• _Problem_
Give back the full listing as written. No pictures go with it.

• _Supplied information_
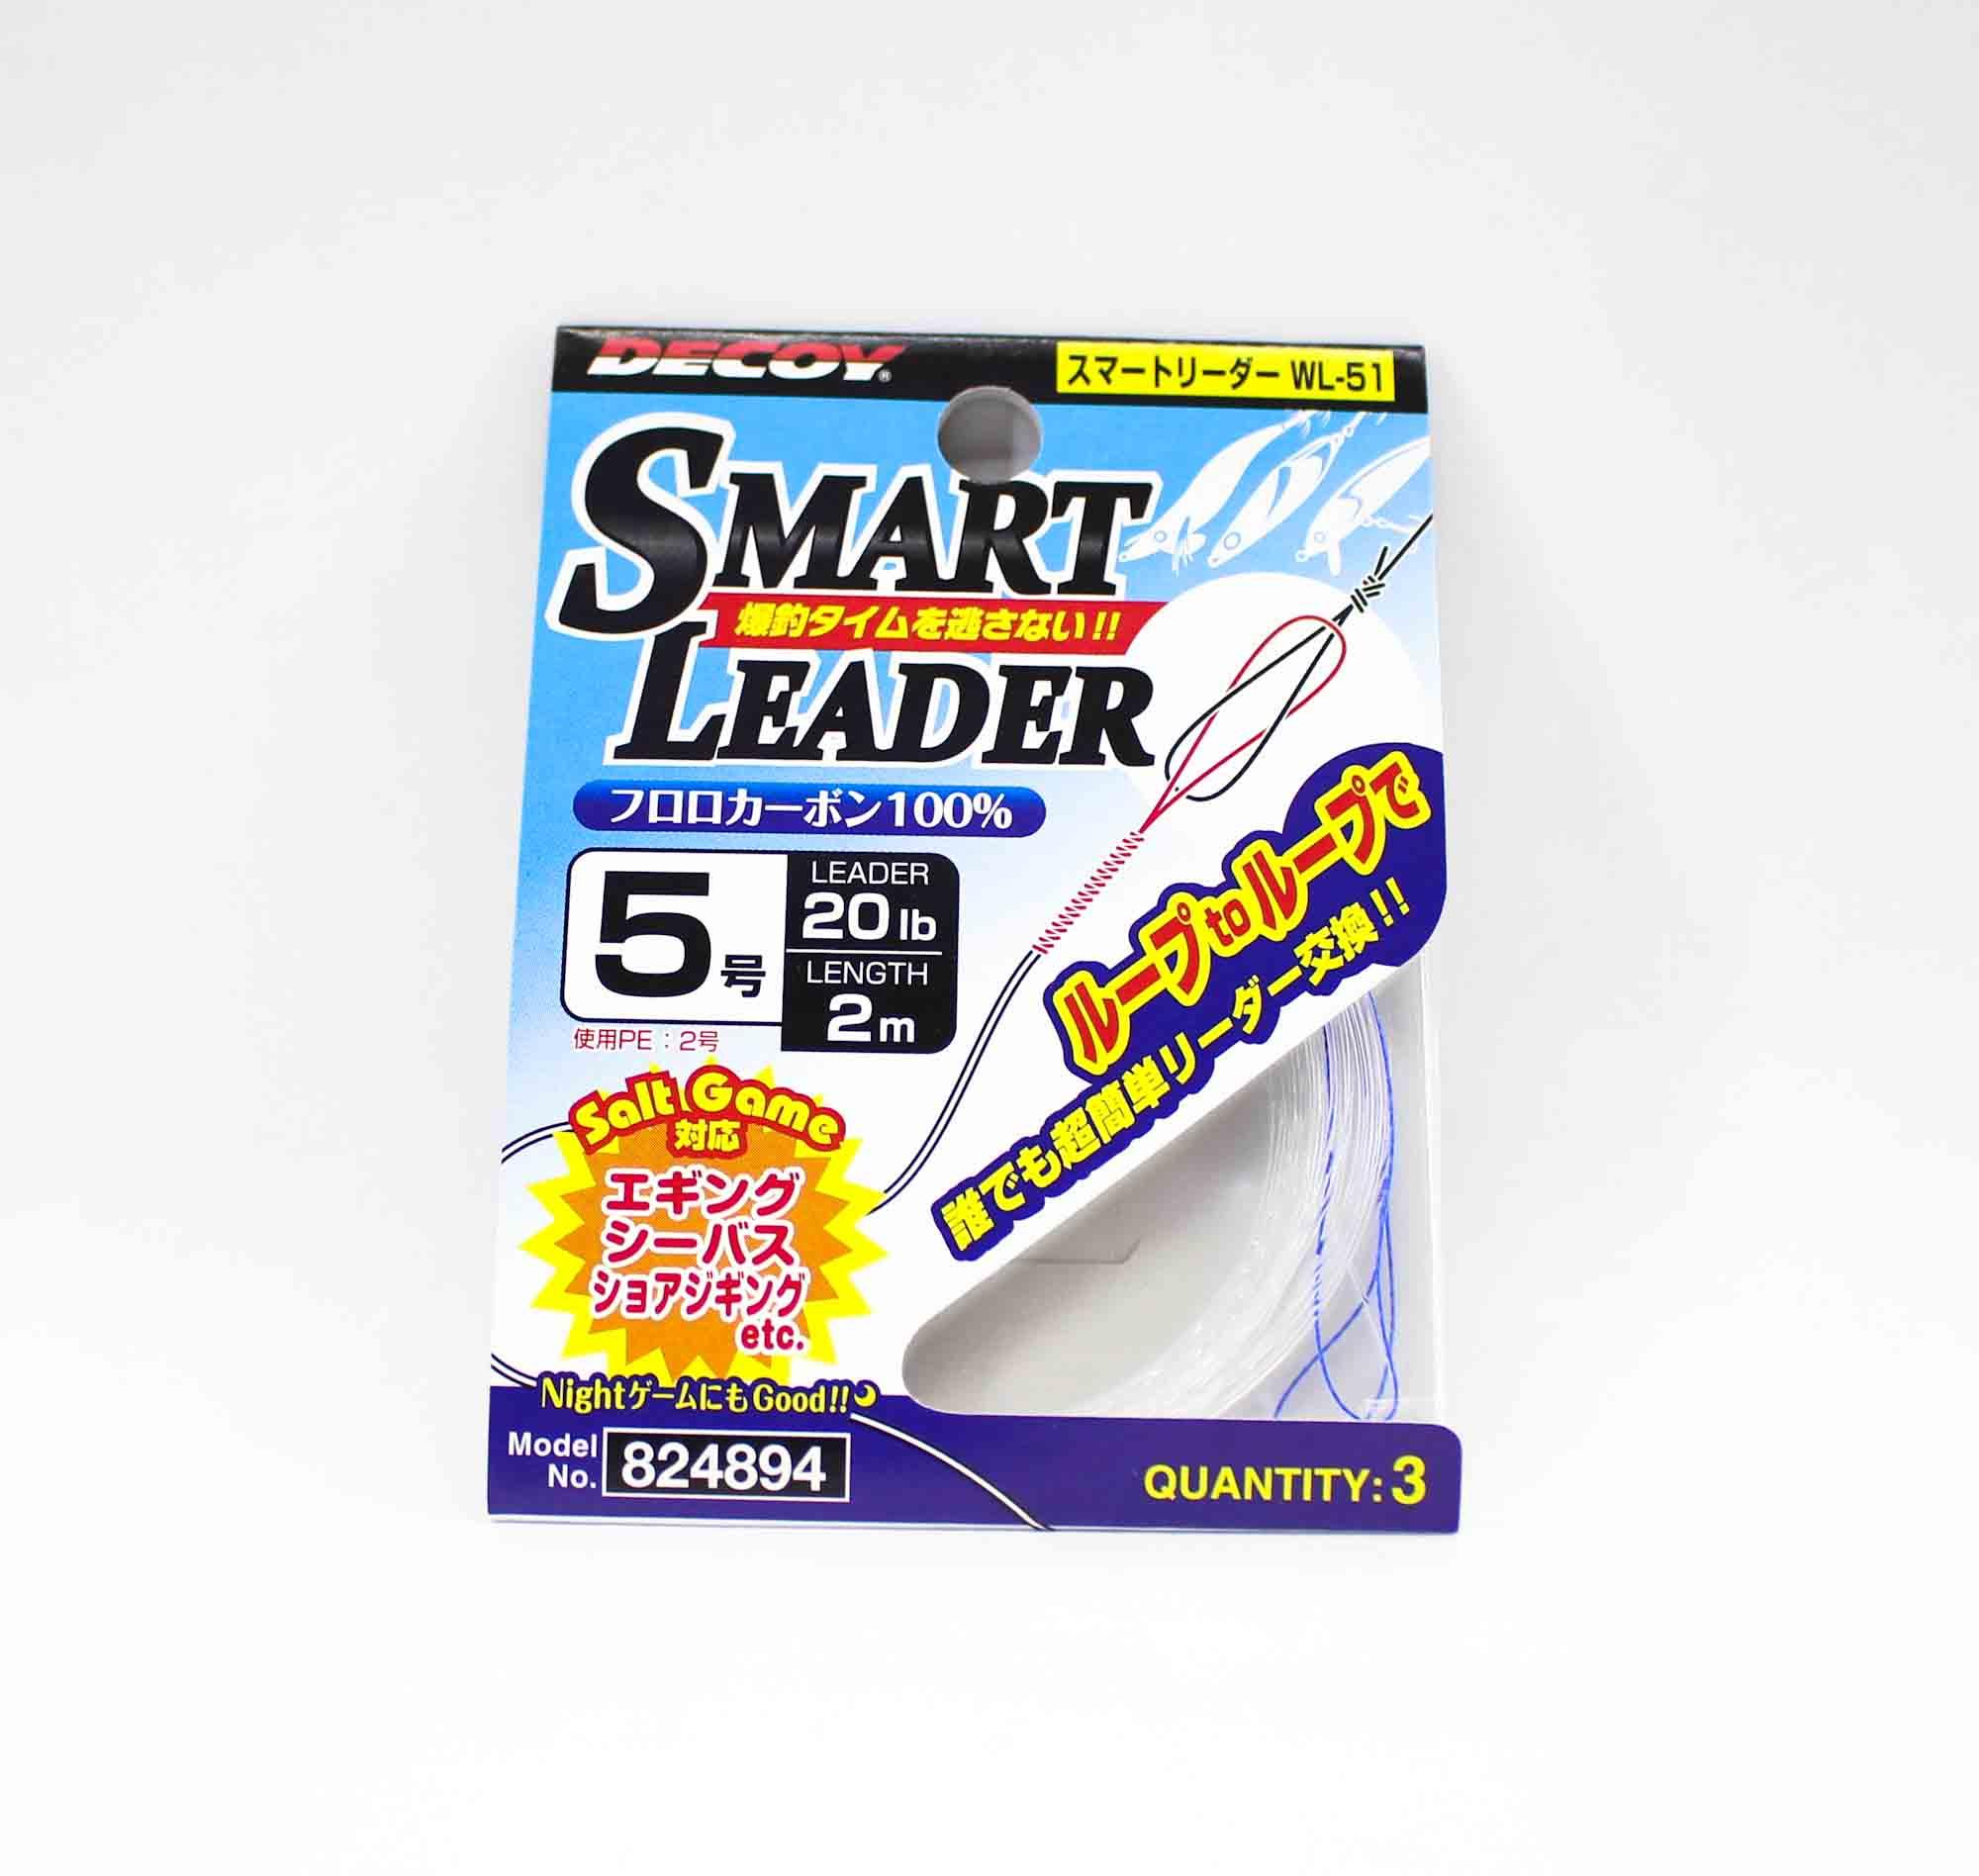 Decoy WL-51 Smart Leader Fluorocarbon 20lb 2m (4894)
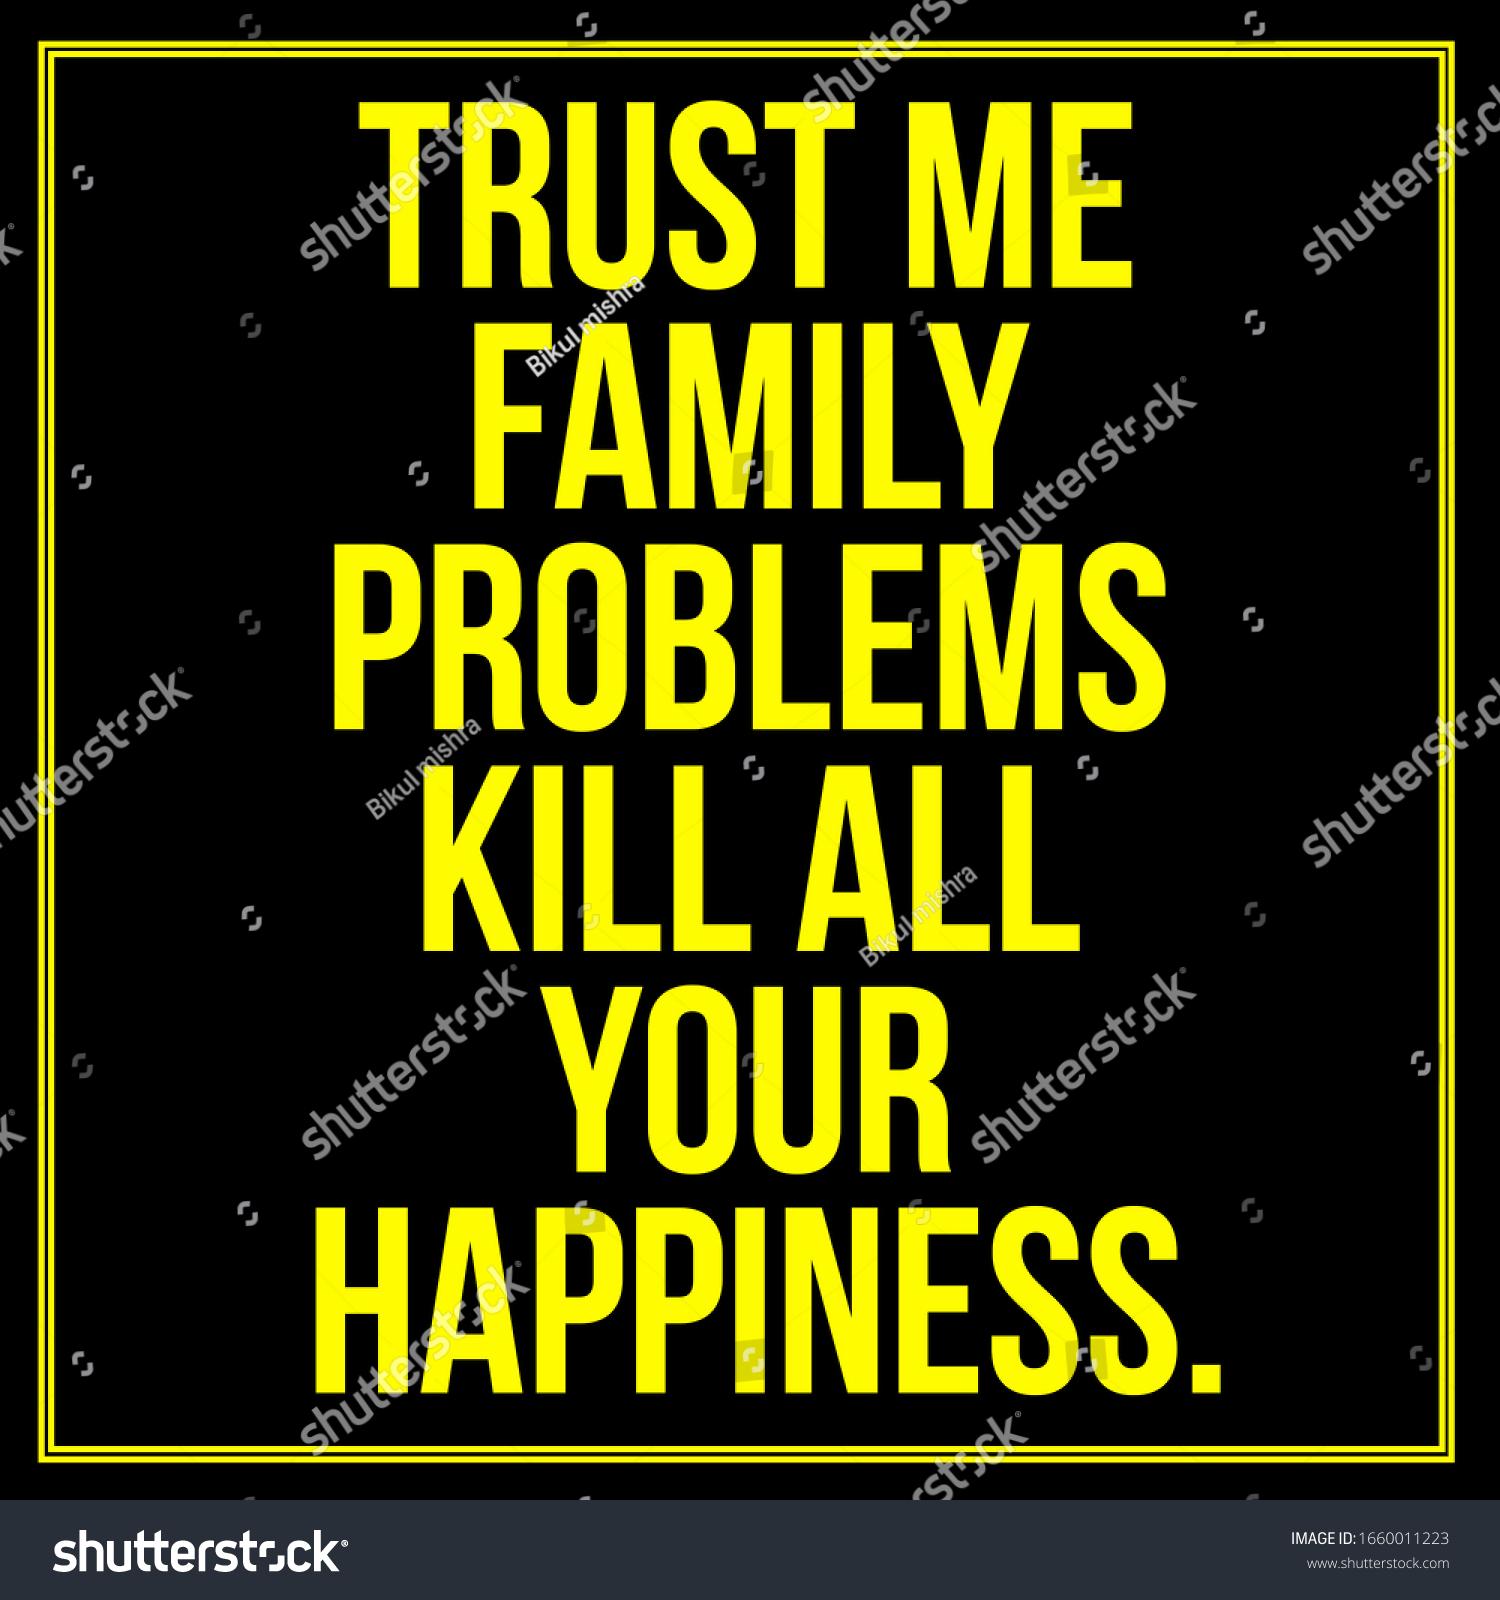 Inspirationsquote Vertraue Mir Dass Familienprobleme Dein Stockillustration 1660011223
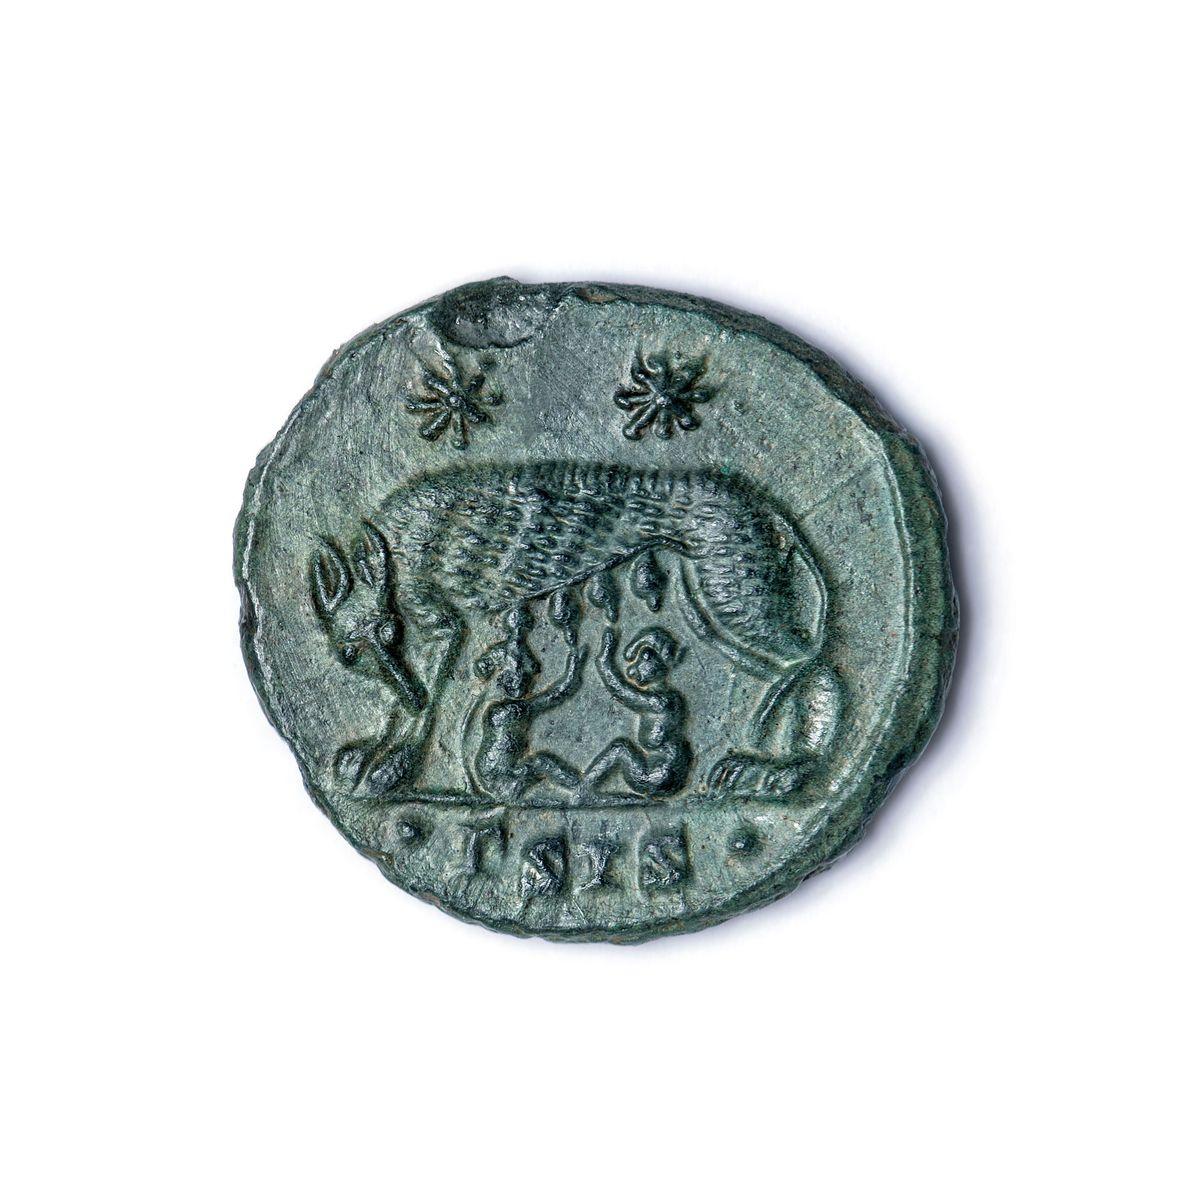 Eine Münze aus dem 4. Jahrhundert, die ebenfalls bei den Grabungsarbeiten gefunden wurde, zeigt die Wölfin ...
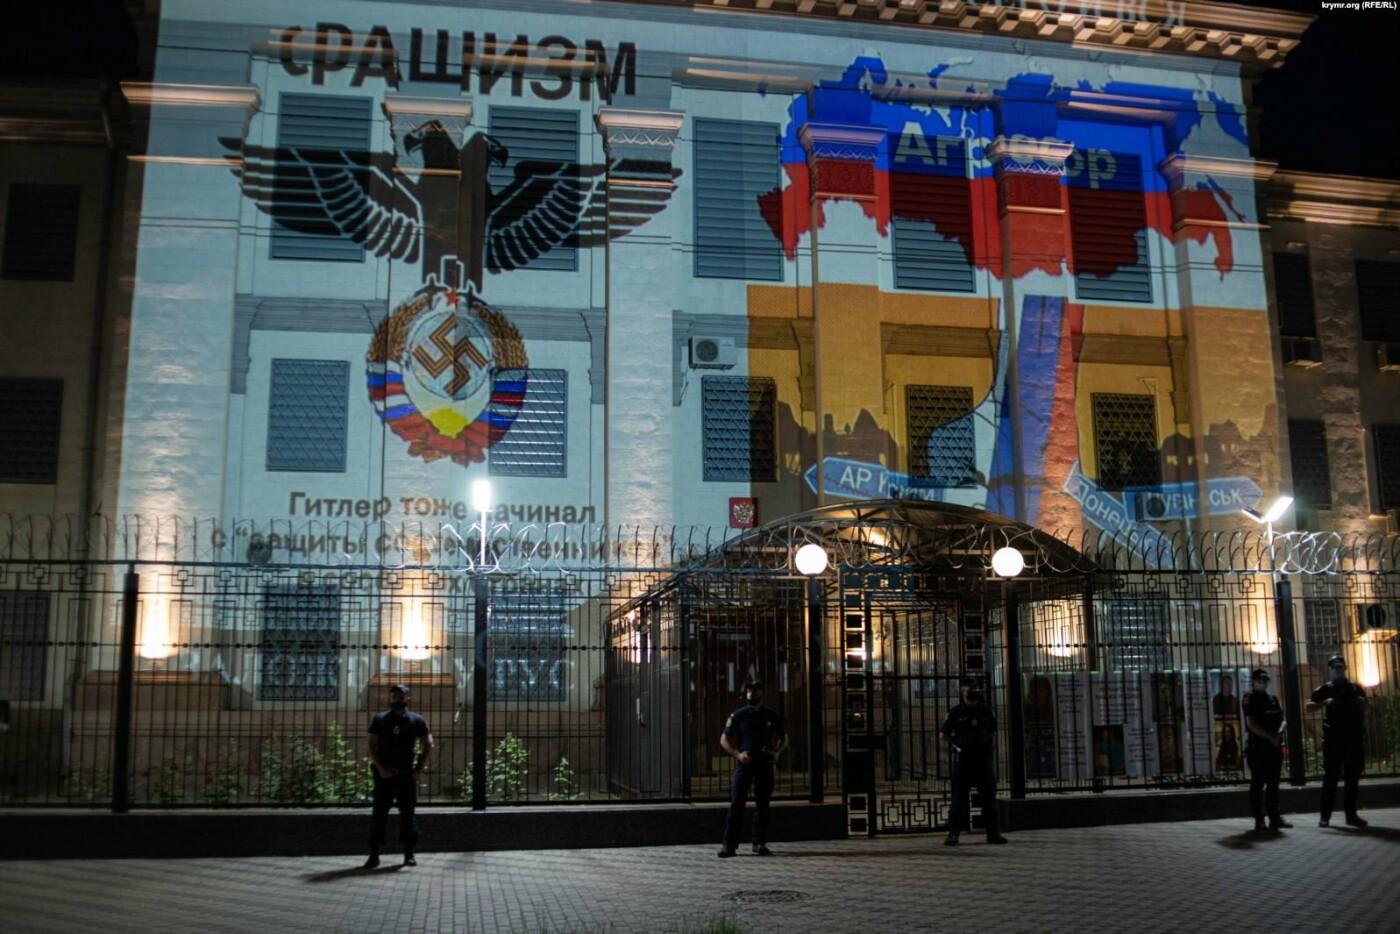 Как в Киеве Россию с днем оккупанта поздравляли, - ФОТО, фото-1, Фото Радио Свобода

• _Solution below_
 Decoy WL-51 Smart Leader Fluorocarbon 20lb 2m (4894)
 Inspirationsquote Vertraue Mir Dass Familienprobleme Dein Stockillustration 1660011223
 Eine Münze aus dem 4. Jahrhundert, die ebenfalls bei den Grabungsarbeiten gefunden wurde, zeigt die Wölfin ...
 Как в Киеве Россию с днем оккупанта поздравляли, - ФОТО, фото-1, Фото Радио Свобода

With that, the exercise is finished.